Setelah ini, Sin Cie tidak hentikan gerakannya. Selagi lima-belas orang Pat-kwa-tin bingung, ia serang mereka satu demi satu, dengan kepalan, dengan tendangan, dengan totokan juga, dan setiap korbannya, tubuhnya ia sambar, ia balingkan kedalam tin.
Un Cheng dan beberapa orang lagi mempunyai bugee cukup baik tapi Baru dua tiga gebrak, mereka pun kena dirubuhkan dan dilemparkan, sehingga didalam tin, bukan musuh yang terkurung, tetapi orang sendiri yang rebah malang-melintang. Secara begitu, Pat-kwa-tin telah terpukul pecah, tidak terkecuali Ngo-heng-tin sendiri.

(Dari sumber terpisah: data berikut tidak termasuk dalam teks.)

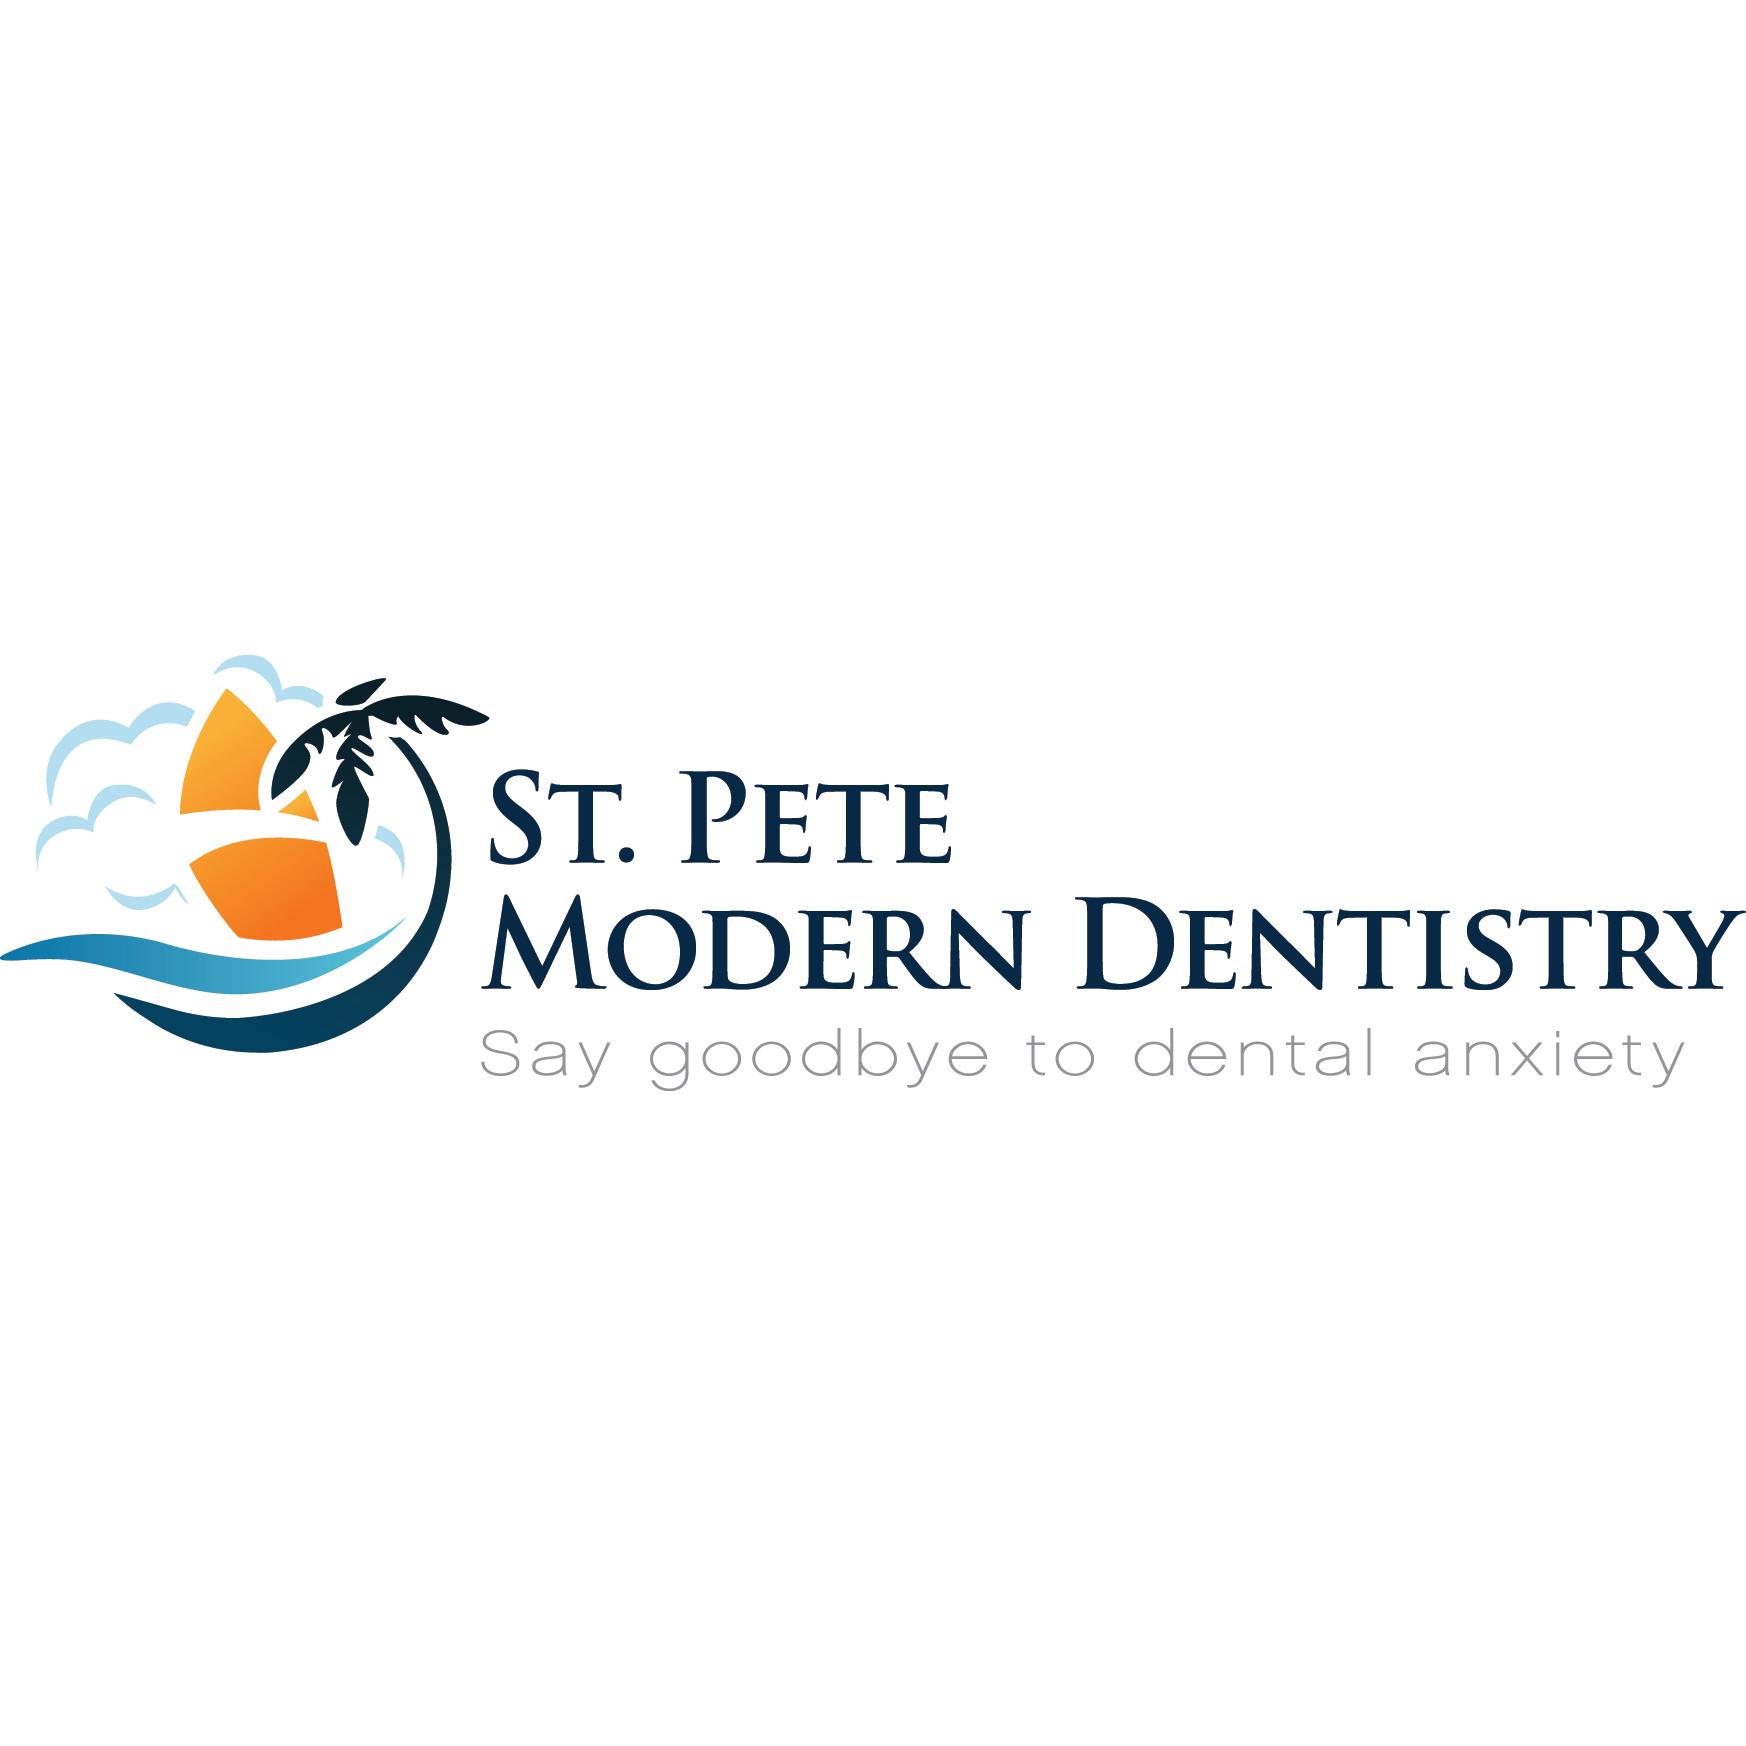 St. Pete Modern Dentistry

Selama keadaan kacau itu, lima saudara Un pun repot, akan tanggapi orang-orangnya, yang dilempar-lemparkan kearah mereka. Waktu yang baik itu digunai Sin Cie untuk lompat maju akan totok Un Beng Sie, siapa kecuali sedang repot juga masih terheran-heran karena golok terbangnya tidak membinasakan lawan, sehingga hatinya ciut sendirinya. Tapi sekarang ia diserang, dengan sebat ia memapaki lawan dengan empat buah goloknya yang liehay, yang menjurus kearah dada.
Sin Cie tidak perdulikan datangnya empat huitoo, ia tidak berkelit, malah ia antapkan dadanya terbuka, tangannya lurus kedepan, tiga jarinya menjuju tenggorokannya penyerang dengan huitoo itu, benar selagi golok-golok terbang mengenai sasaran dan jatuh sendirinya, jerijinya mengenai jalan darah soan-kie-hiat sehingga lawannya rubuh.

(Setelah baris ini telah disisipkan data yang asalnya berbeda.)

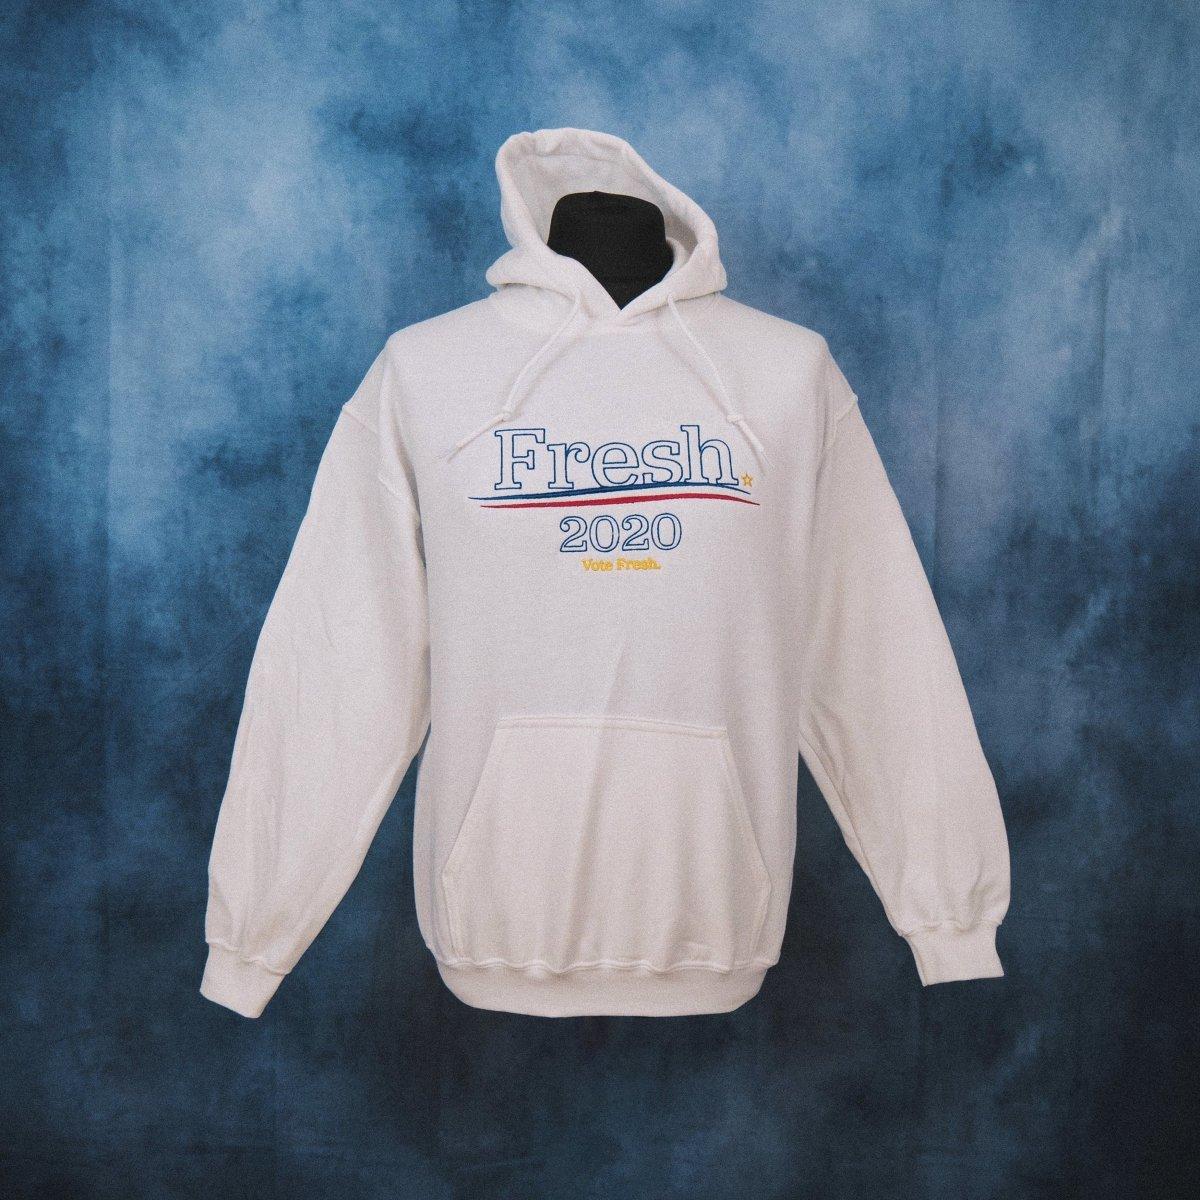 Fresh 2020 Unisex Embroidered Hoodie

Un Beng San lihat saudaranya terancam bahaya, ia hendak menolongi, ia menyerang dengan tongkatnya kearah kempolan kanan.
Sin Cie lihat tongkat menyambar, ia tertawa dan berkata: "Tongkat ini sudah dibuang tetapi sekarang diambil pula!" Selagi mulut bersuara, tangannya tidak diam saja, ia maju akan sambar tubuhnya satu kawannya Lam Yang, akan pakai tubuhnya dia ini akan papaki tongkat!
Beng San anggap lawannya tidak bisa menyingkir lagi, maka itu ia terperanjat melihat ia ditangkis dengan orangnya sendiri, syukur ia masih keburu menarik pulang tongkatnya itu, serta buang dengan kaget kesamping, dimana ada Beng Tat.

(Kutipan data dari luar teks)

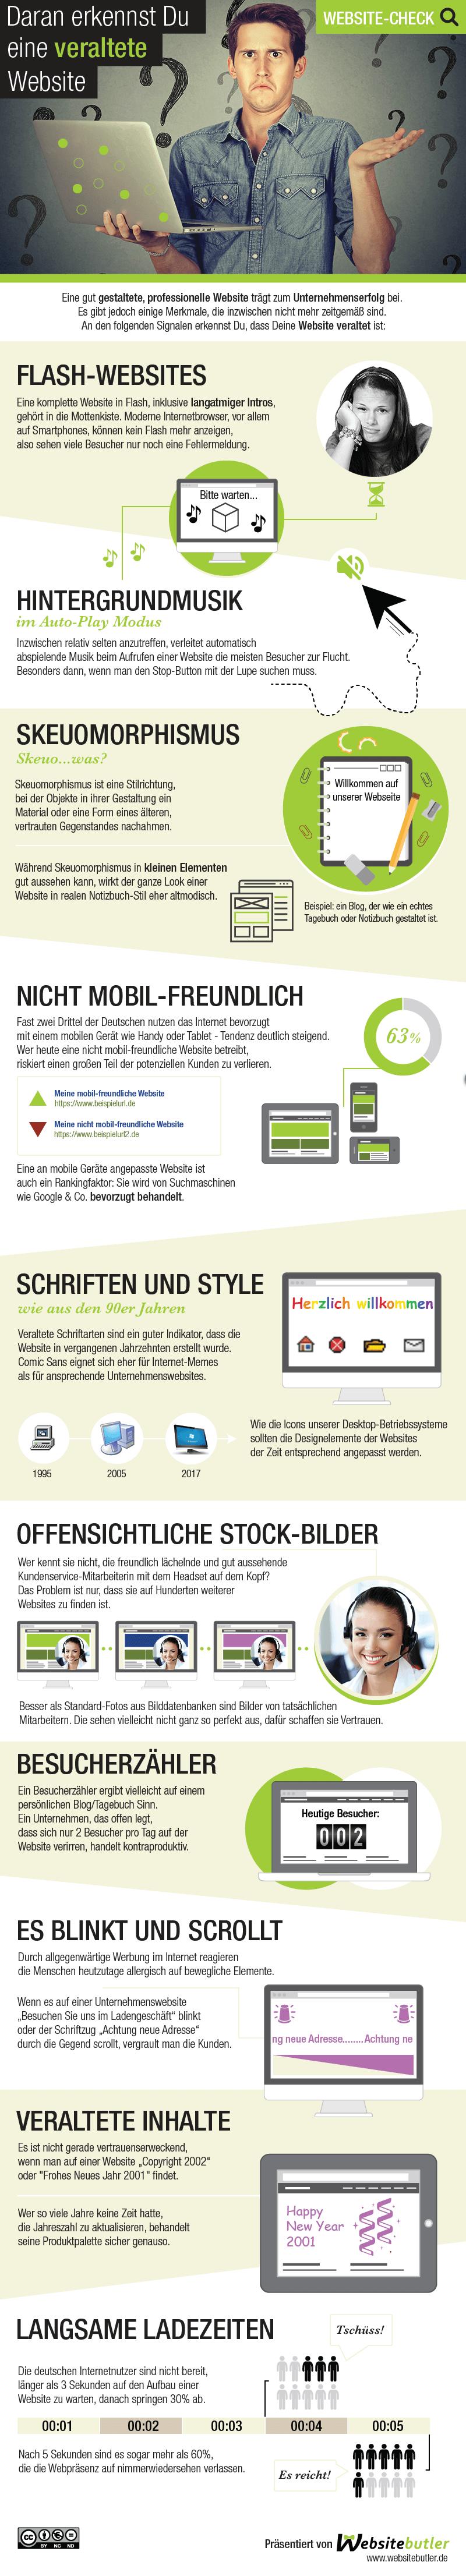 Infografik zur Website Gestaltung

"Toako, awas!" ia berseru.
Beng Tat lihat sambaran tongkat adiknya, ia menangkis dengan sepasang tumbak pendeknya, sehingga kedua senjata bentrok keras dan menerbitkan lelatu api!
Selagi dua saudara itu repot sendirinya, Sin Cie menerjang Beng Go, mulanya tangannya yang kiri menyambar, lalu menyusul tangan kanannya, dengan tusuk konde kumala, ia arah kedua matanya musuh itu.
Beng Go mundur, dengan cambuk kulitnya, ia lindungi diri; ia sudah mesti lantas menangkis berulang-ulang, sebab serangannya si anak muda saling susul, karena ia lantas didesak keras. Ia sibuk melihat cahaya kumala berkeredepan, Baru sekarang ia mengerti liehaynya senjata istimewa itu, yang seperti tak hendak berpisah dari kedua matanya. Dua kali ujung tusuk konde sudah mengenai kulit mata, untung karena sebatnya dia berkelit, Un Beng Go masih bisa hindarkan bahaya, akan tetapi karenanya, semangatnya hampir terbang pergi. Dalam ancaman bahaya itu, ia tidak sempat menyingkir, ia terlalu repot dengan dayanya melindungi matanya itu. Maka akhir-akhirnya, tusukan mengenai juga matanya, tidak perduli ia coba egoskan kepala itu. Ia lepaskan cambuk kulitnya, ia tutup matanya dengan kedua tangannya. Baru sekarang ia jatuhkan diri, untuk menyingkir sambil bergulingan, akan tetapi jari tangannya si anak muda toh telah keburu mampir dibelakangnya, sehingga ia lantas rubuh tak berkutik lagi.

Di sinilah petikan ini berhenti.